EXERCISE INPUT:
Content starts

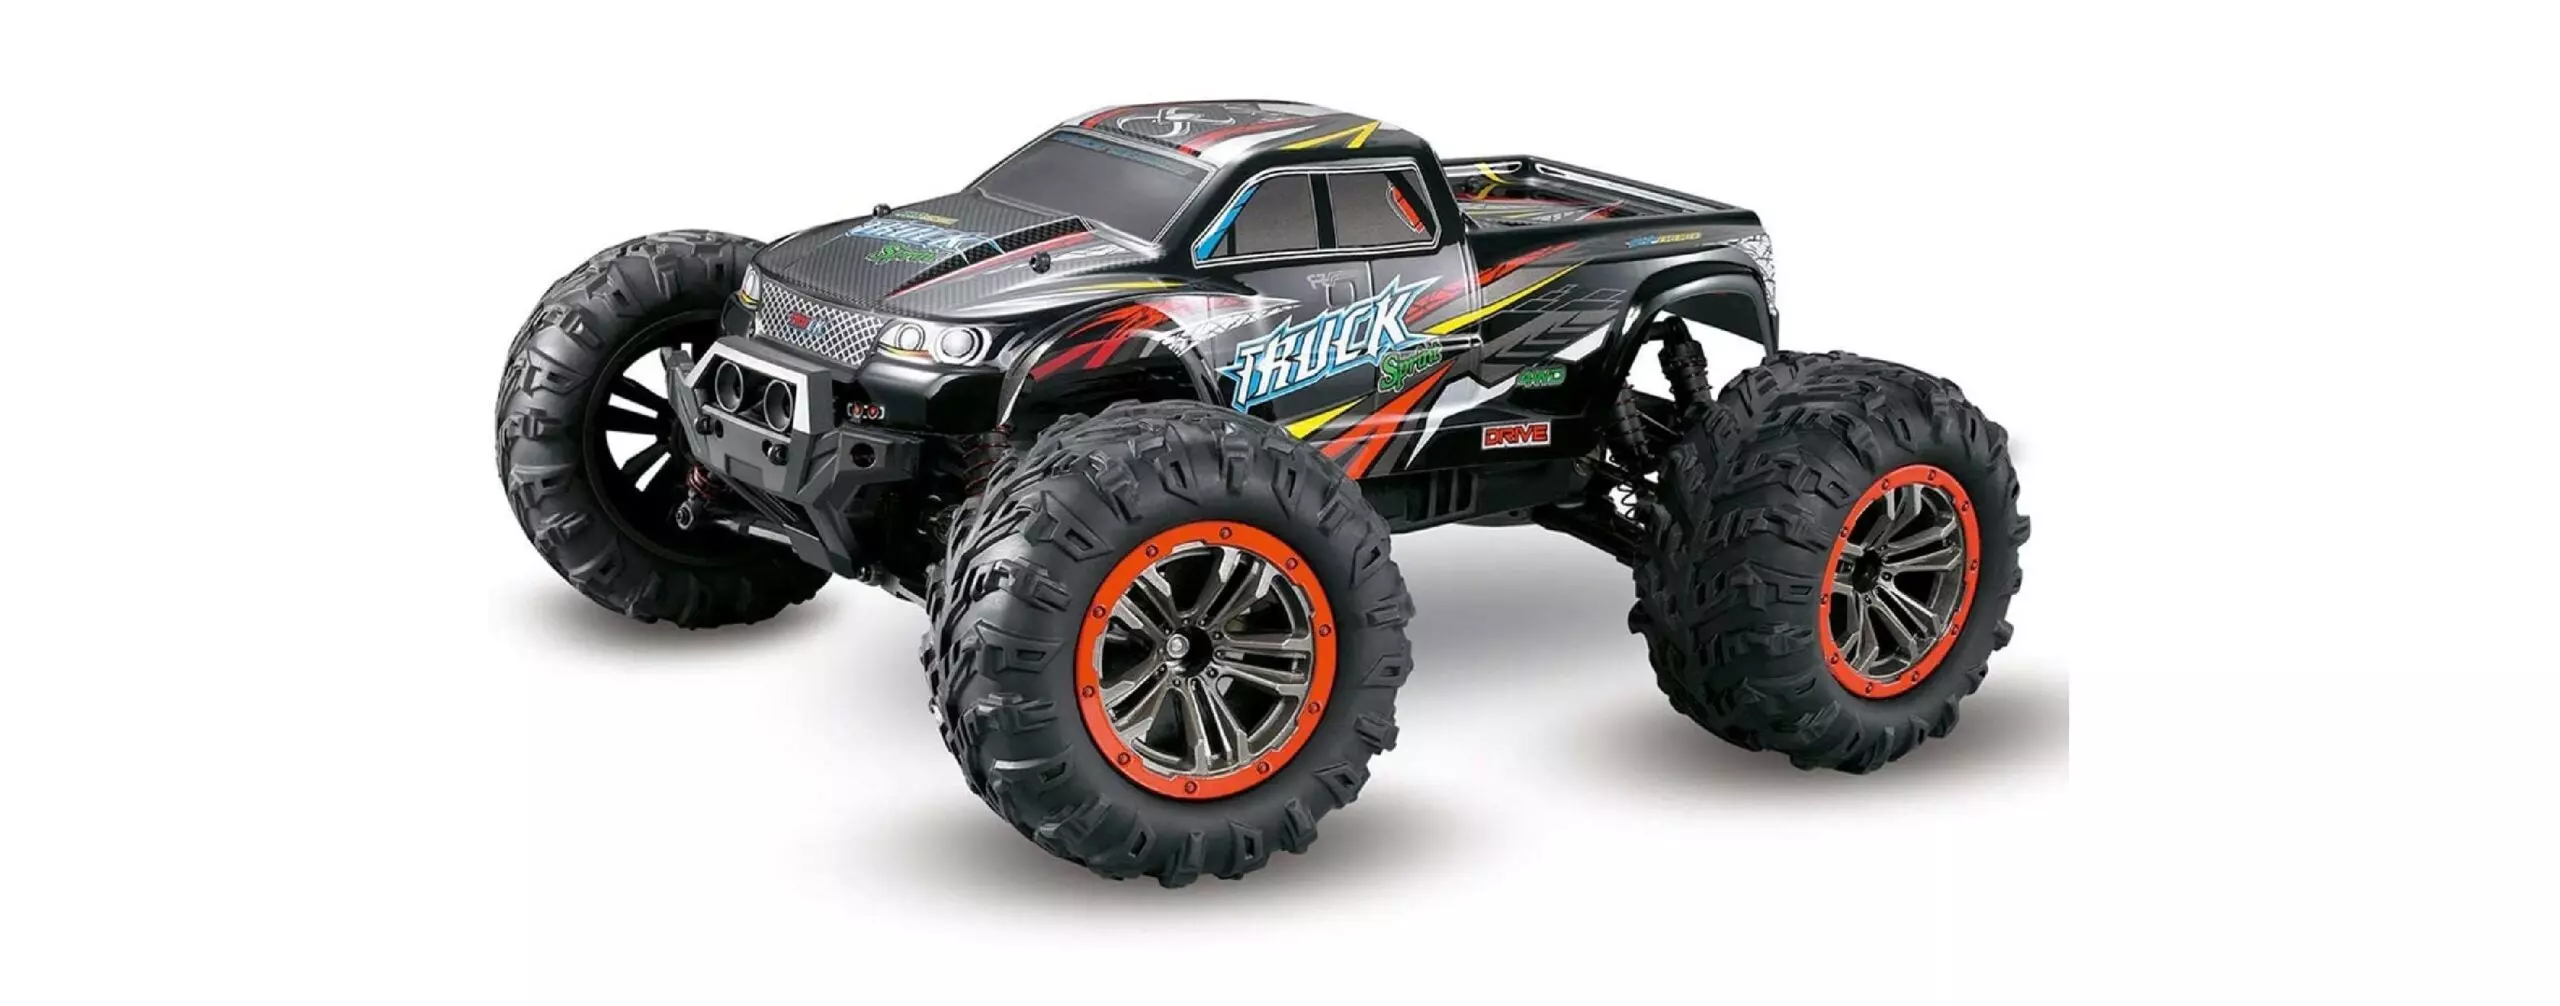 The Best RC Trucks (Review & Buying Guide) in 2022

Content ends
Content starts

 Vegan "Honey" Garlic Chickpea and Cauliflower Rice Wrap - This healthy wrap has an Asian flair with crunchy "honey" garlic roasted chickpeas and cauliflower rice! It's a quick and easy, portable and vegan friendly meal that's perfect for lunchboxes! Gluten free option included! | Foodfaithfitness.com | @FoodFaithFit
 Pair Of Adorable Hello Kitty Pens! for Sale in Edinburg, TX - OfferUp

Content ends

TRY IT:
Your answer should be the exact lines above from the one with "Foodfaithfitness.com | @FoodFaithFit" through the one with "Pair Of Adorable", both included, and nothing besides.

REPLY TO THE EXERCISE:
 Vegan "Honey" Garlic Chickpea and Cauliflower Rice Wrap - This healthy wrap has an Asian flair with crunchy "honey" garlic roasted chickpeas and cauliflower rice! It's a quick and easy, portable and vegan friendly meal that's perfect for lunchboxes! Gluten free option included! | Foodfaithfitness.com | @FoodFaithFit
 Pair Of Adorable Hello Kitty Pens! for Sale in Edinburg, TX - OfferUp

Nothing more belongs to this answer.